■ Exercise objective: The data below contains pictures, which are to be skipped; the lines starting at the line with "1990's black with lace cami top - S / M" and ending at the line with "Advanced package delivery" are to be output exactly, both ends included.

■ Data for the task:
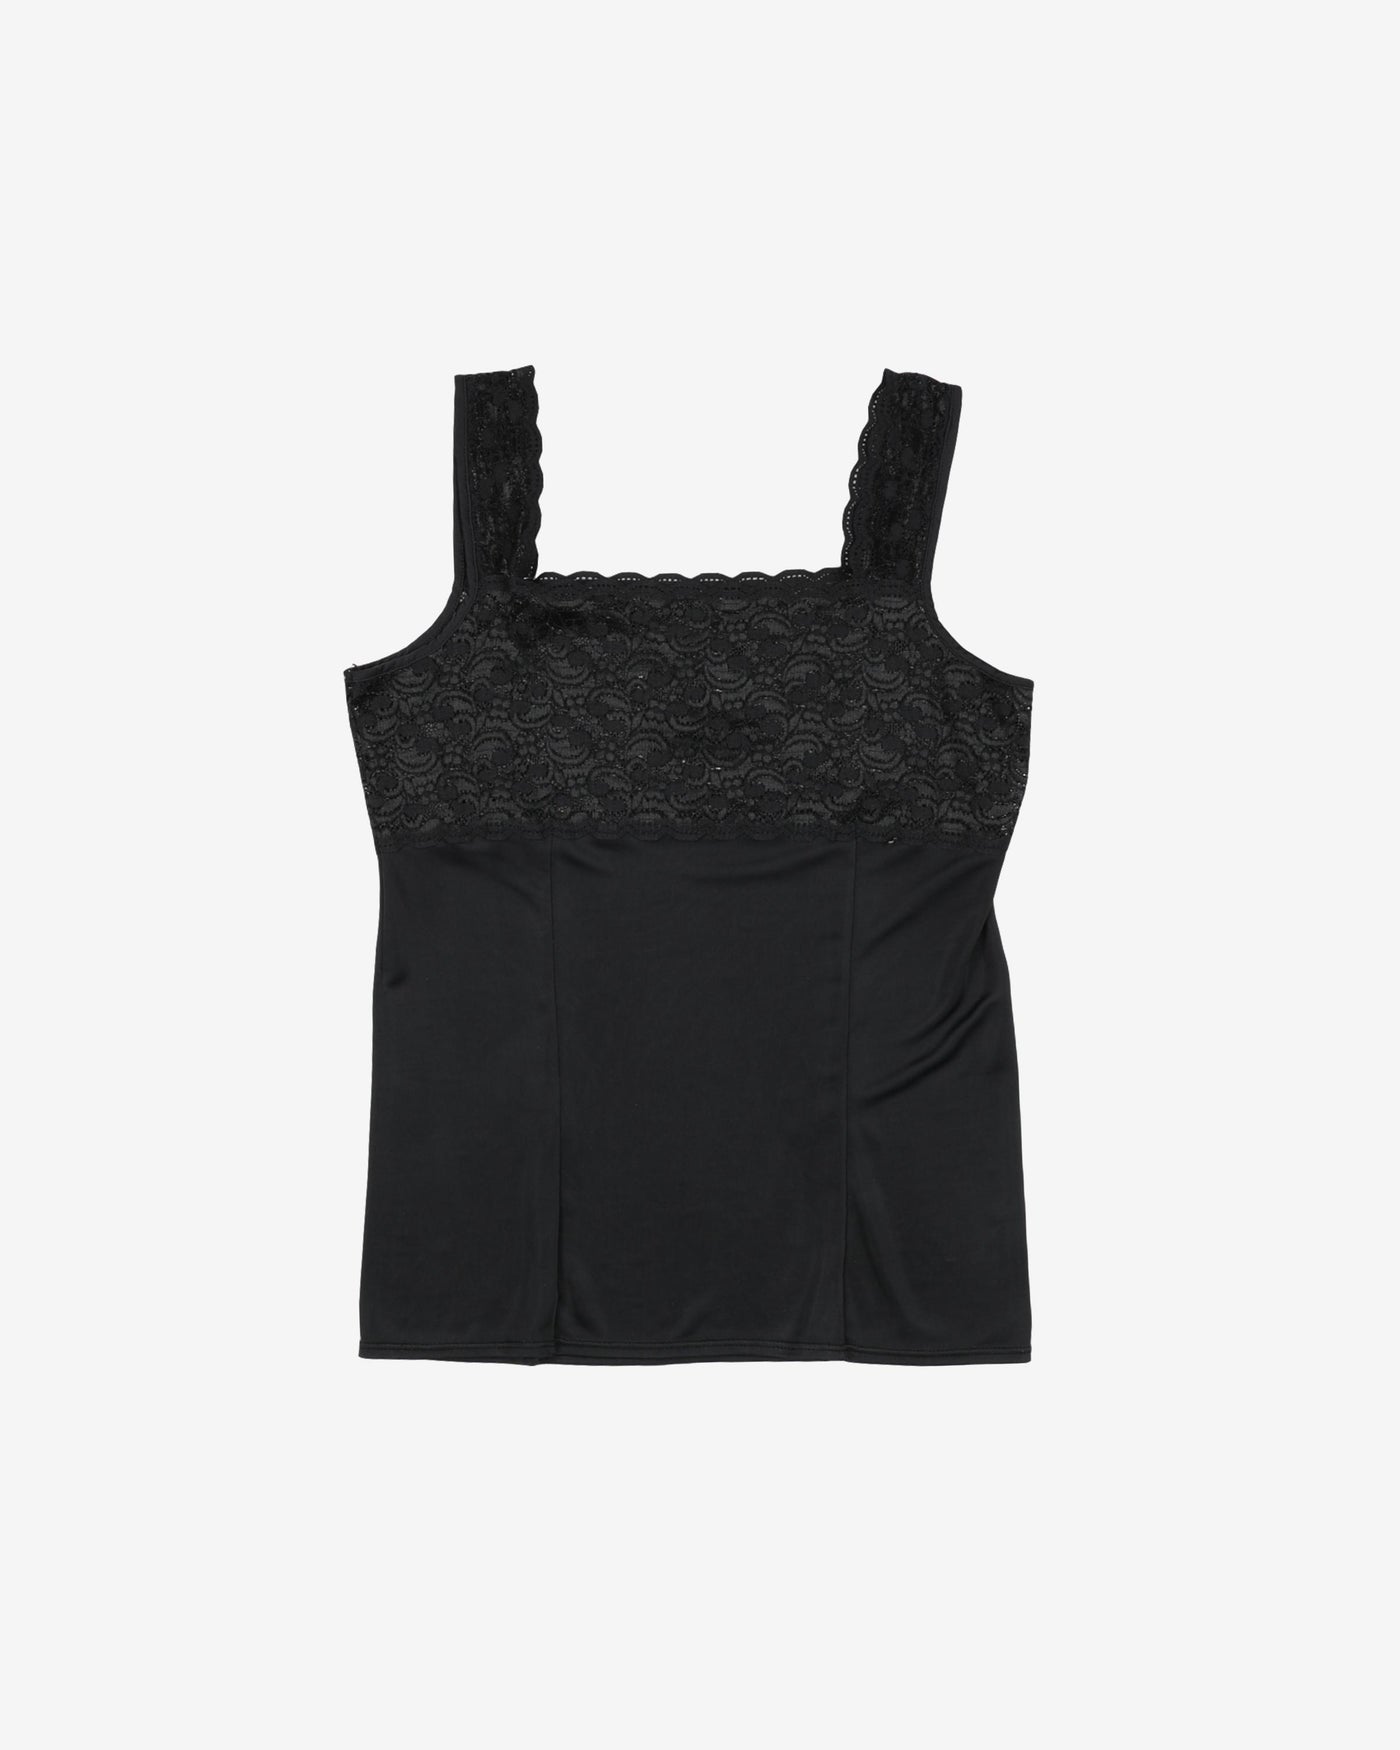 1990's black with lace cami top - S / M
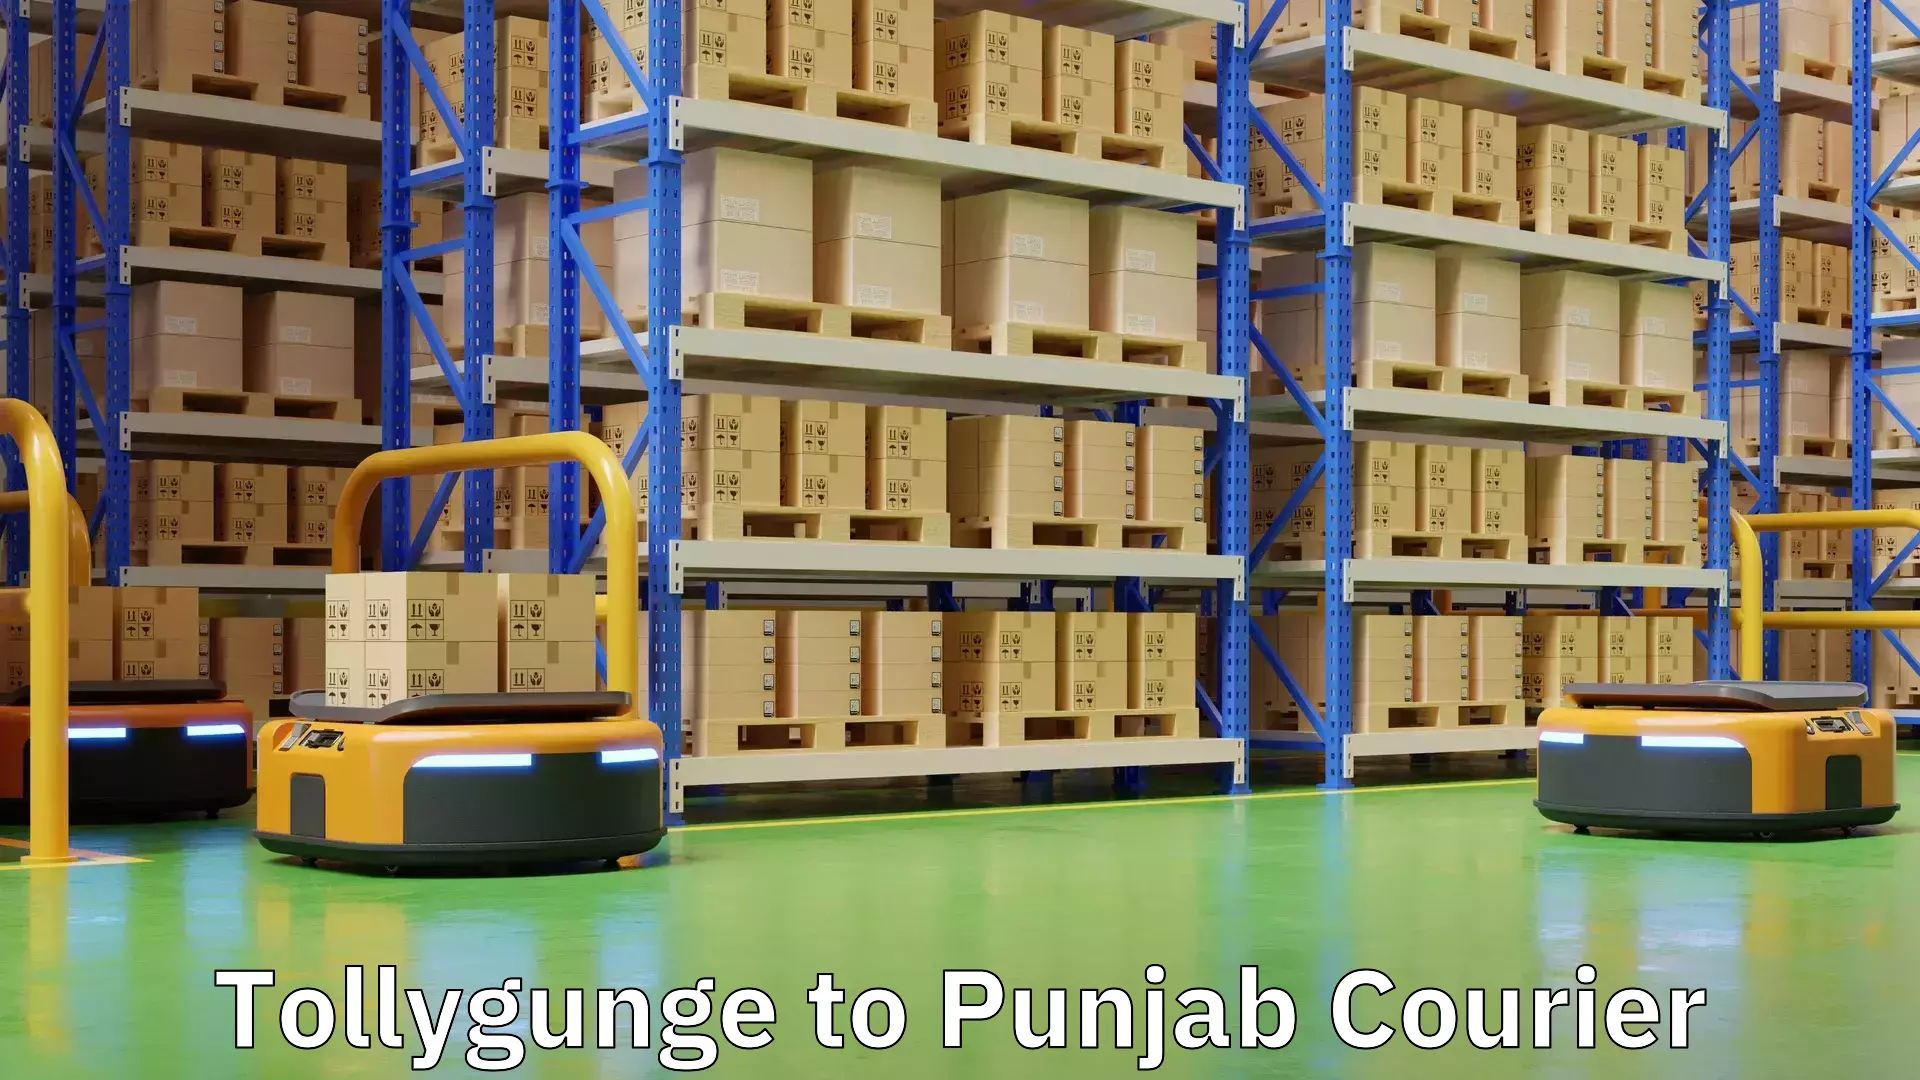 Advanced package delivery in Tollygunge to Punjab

--

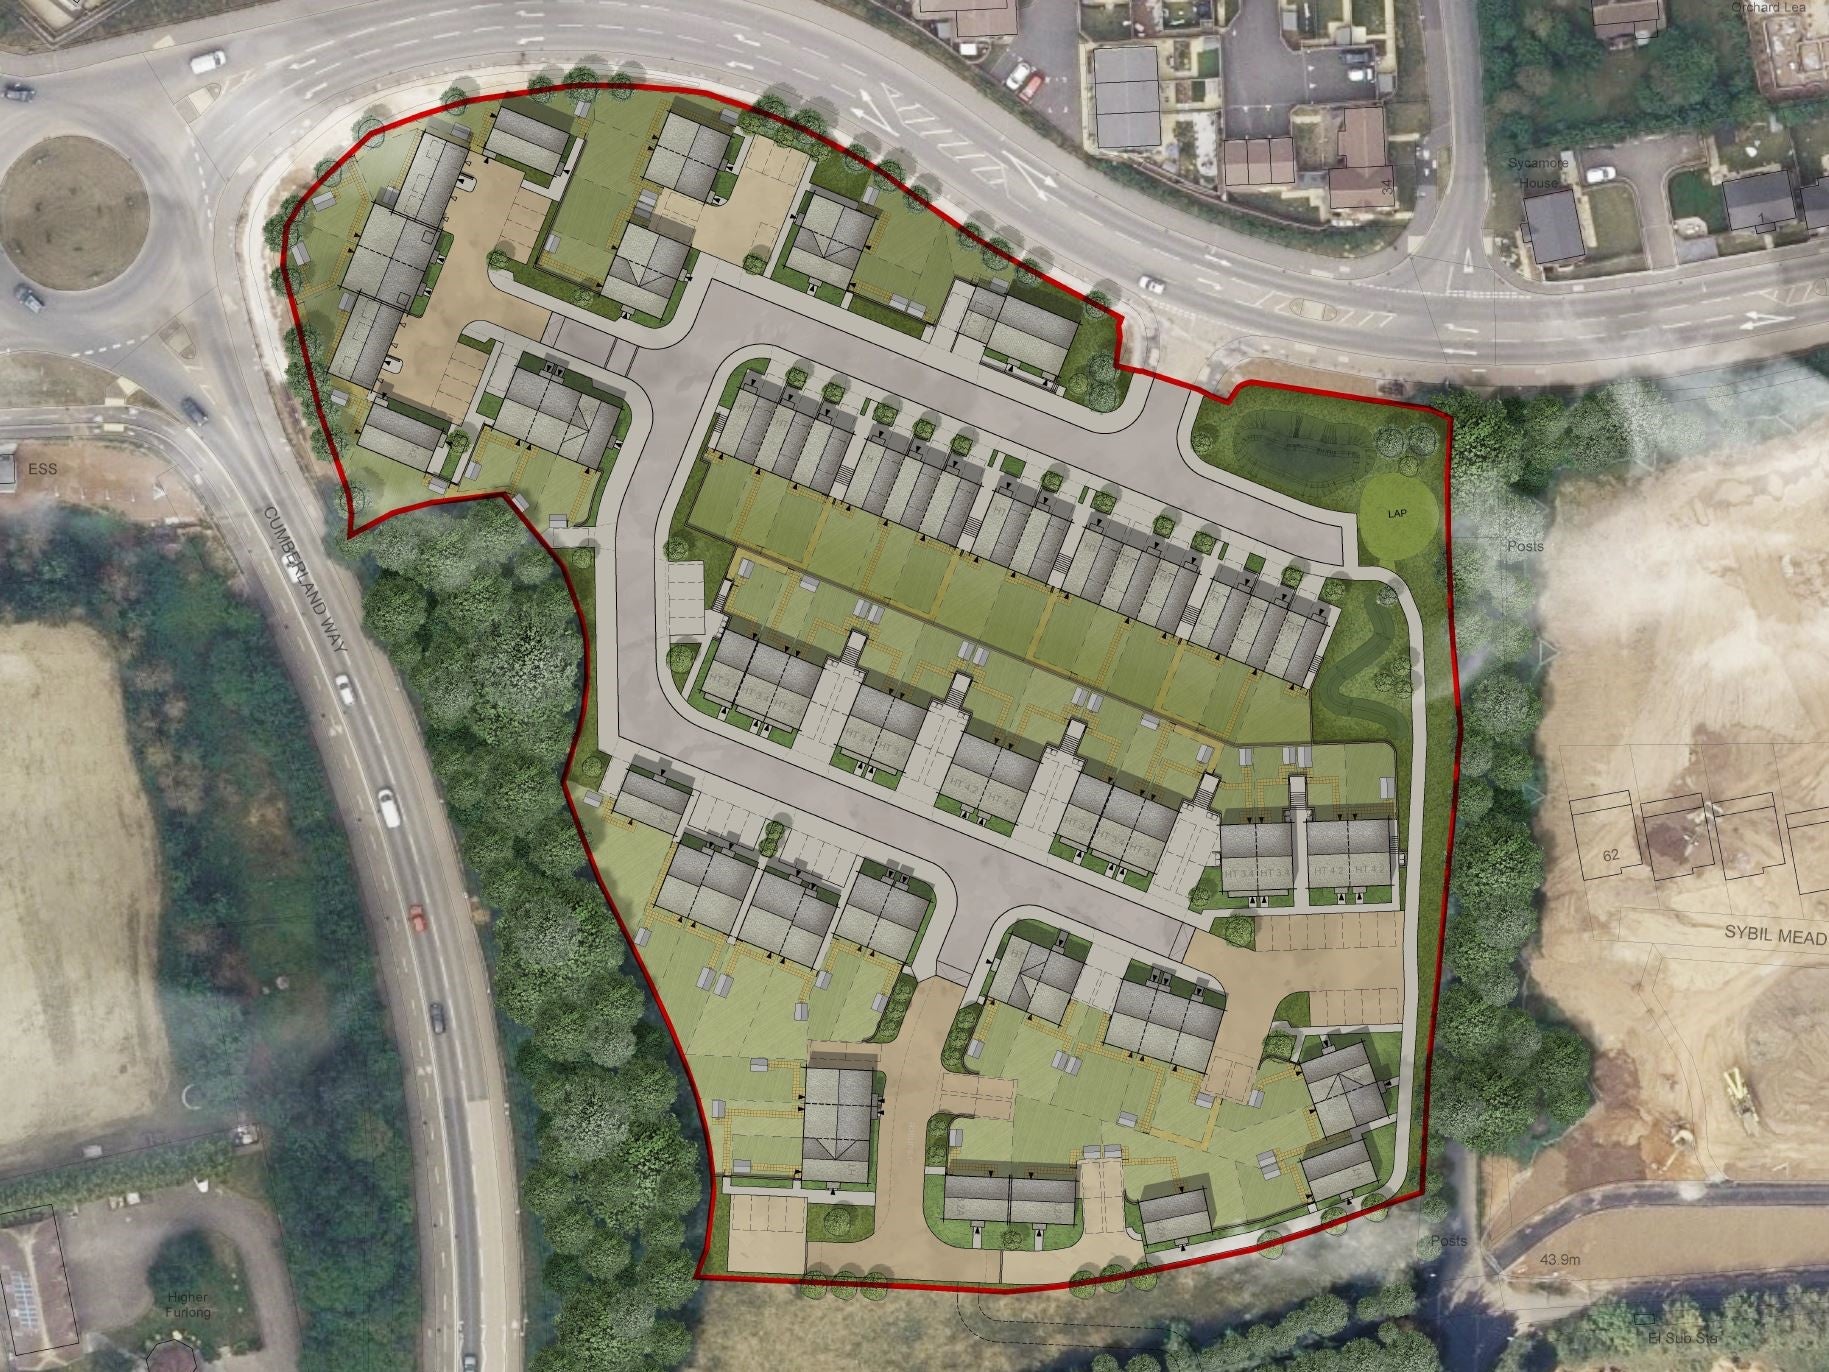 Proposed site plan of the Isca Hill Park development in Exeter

■ Task solution:
 1990's black with lace cami top - S / M
 Advanced package delivery in Tollygunge to Punjab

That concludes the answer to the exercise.